Home    中文  
 
  • Search
  • lucene Search
  • Citation
  • Fig/Tab
  • Adv Search
Just Accepted  |  Current Issue  |  Archive  |  Featured Articles  |  Most Read  |  Most Download  |  Most Cited

Chinese Journal of Lung Diseases(Electronic Edition) ›› 2025, Vol. 18 ›› Issue (04): 603-608. doi: 10.3877/cma.j.issn.1674-6902.2025.04.019

• Original Article • Previous Articles    

Clinical significance of circulating cytokine profiles in predicting radioactive pulmonary fibrosis in patients with non-small cell lung cancer

Junxia Wu1, Gang Huo1,(), Jiaojiao Li1, Huihui Yang1, Ming Ma2, Wangfeng Zhang3   

  1. 1Department of Clinical Laboratory, The First Affiliated Hospital of Xi′an Jiaotong University Yulin Hospital, Yulin 719000, China
    2Department of Oncology, The First Affiliated Hospital of Xi′an Jiaotong University Yulin Hospital, Yulin 719000, China
    3Department of Respiratory, The First Affiliated Hospital of Xi′an Jiaotong University Yulin Hospital, Yulin 719000, China
  • Received:2025-02-13 Online:2025-08-25 Published:2025-09-08
  • Contact: Gang Huo

Abstract:

Objective

To analyze the clinical significance of circulating cytokine profiling in predicting radiation-induced pulmonary fibrosis (RILF) in patients with non-small cell lung cancer (NSCLC).

Methods

A total of 86 patients with stage Ⅰ-Ⅲ NSCLC who underwent radical thoracic radiotherapy in the First Affiliated Hospital of Xi'an Jiaotong University Yulin Hospital from January 2021 to December 2024 were selected and divided into a training set of 63 cases and a validation set of 23 cases in a ratio of 7︰3. The clinical data of the patients were collected.

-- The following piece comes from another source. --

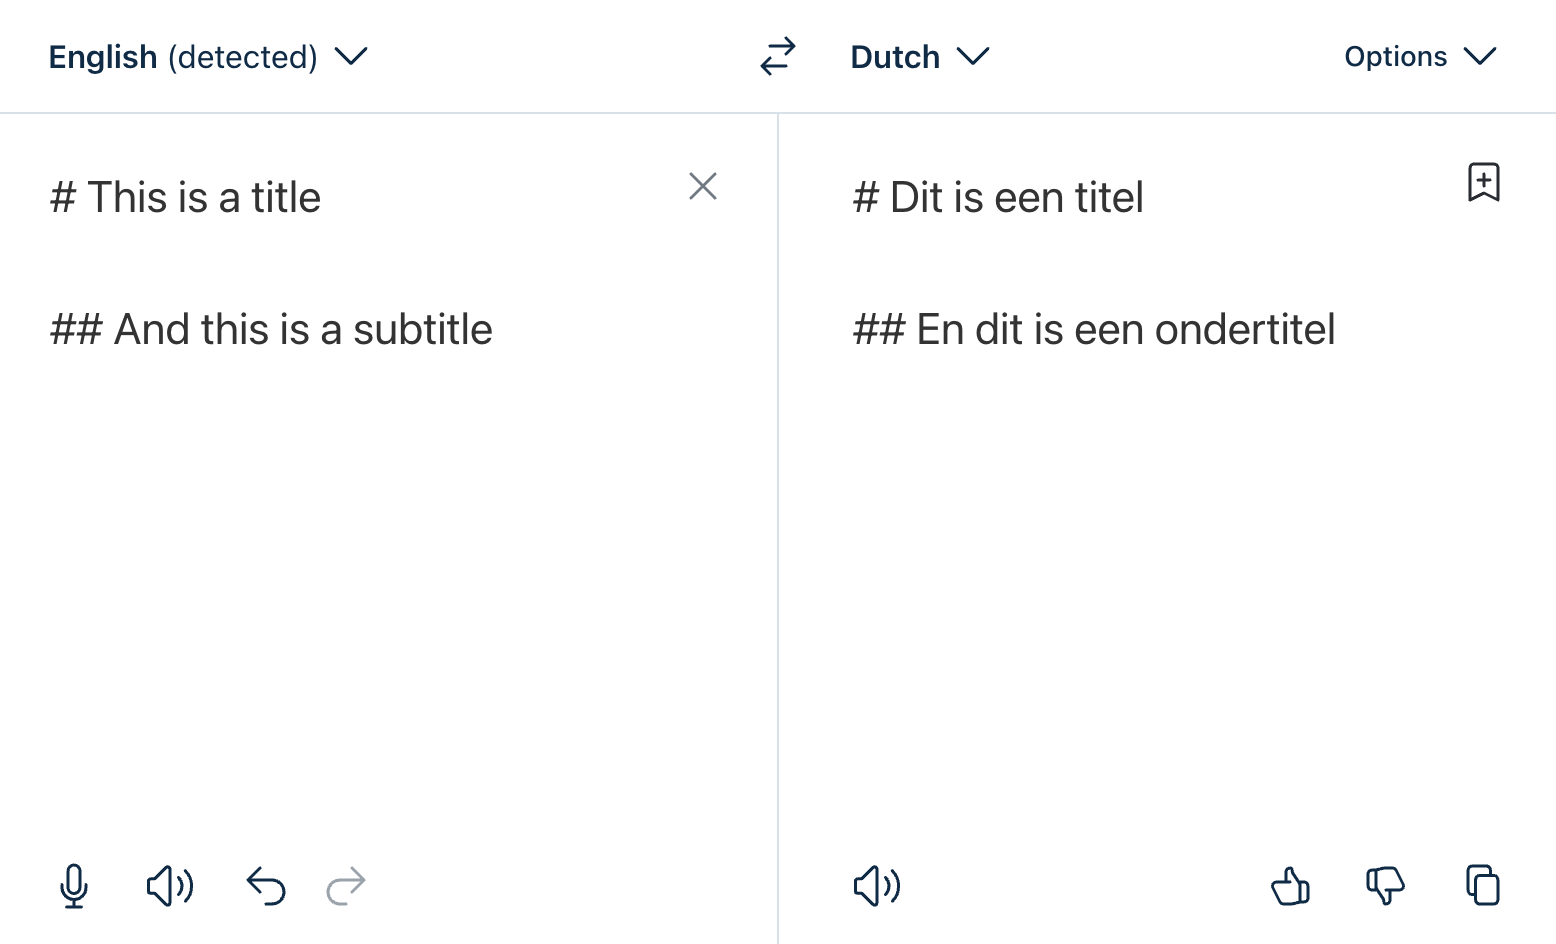 deepl translator example, we used markdown to translate the english text to dutch keeping the formatting

Circulating cytokines were detected by the human cytokine/chemotactic magnetic bead panel kit and the enzyme-linked immunosorbent assay kit. The occurrence of RILF≥ grade 2 (RILF2) in the patients was recorded.

Results

There were 11 cases (17.46%) of RILF2 in the training set and 4 cases (17.39%) of RILF2 in the validation set (χ2=0.001, P=0.994). The median onset time of RILF2 in patients was 4.90 months. Logistic and LASSO regression analyses showed that the mean lung dose(MLD) (HR: 3.674, 95%CI: 1.240~10.887), interleukin-8 (IL-8) (HR: 0.231, 95%CI: 0.060~0.887), C-C chemokine ligand 4 (CCL4) (HR: 0.204, 95%CI: 0.053~0.777), transforming growth factor-β1 (TGF-β1) (HR: 21.831, 95%CI: 1.609~296.240) are the influencing factors of RILF2 in NSCLC patients. The nomogram predicted the RILF2 of the training set and the validation set, and the area under the receiver operating characteristic curve was 0.884 (95%CI: 0.779~0.989) and 0.841 (95%CI: 0.672~0.990), respectively. The Hosmer-Lemeshow test results showed a good fit (P>0.05), and the high-risk thresholds were 0.05-0.73 and 0.09-0.68, respectively.

Conclusion

The nomogram of cytokines MLD, IL-8, CCL4, TGF-β1 and the dosimetric factor RILF2 has clinical significance in predicting RILF in NSCLC patients.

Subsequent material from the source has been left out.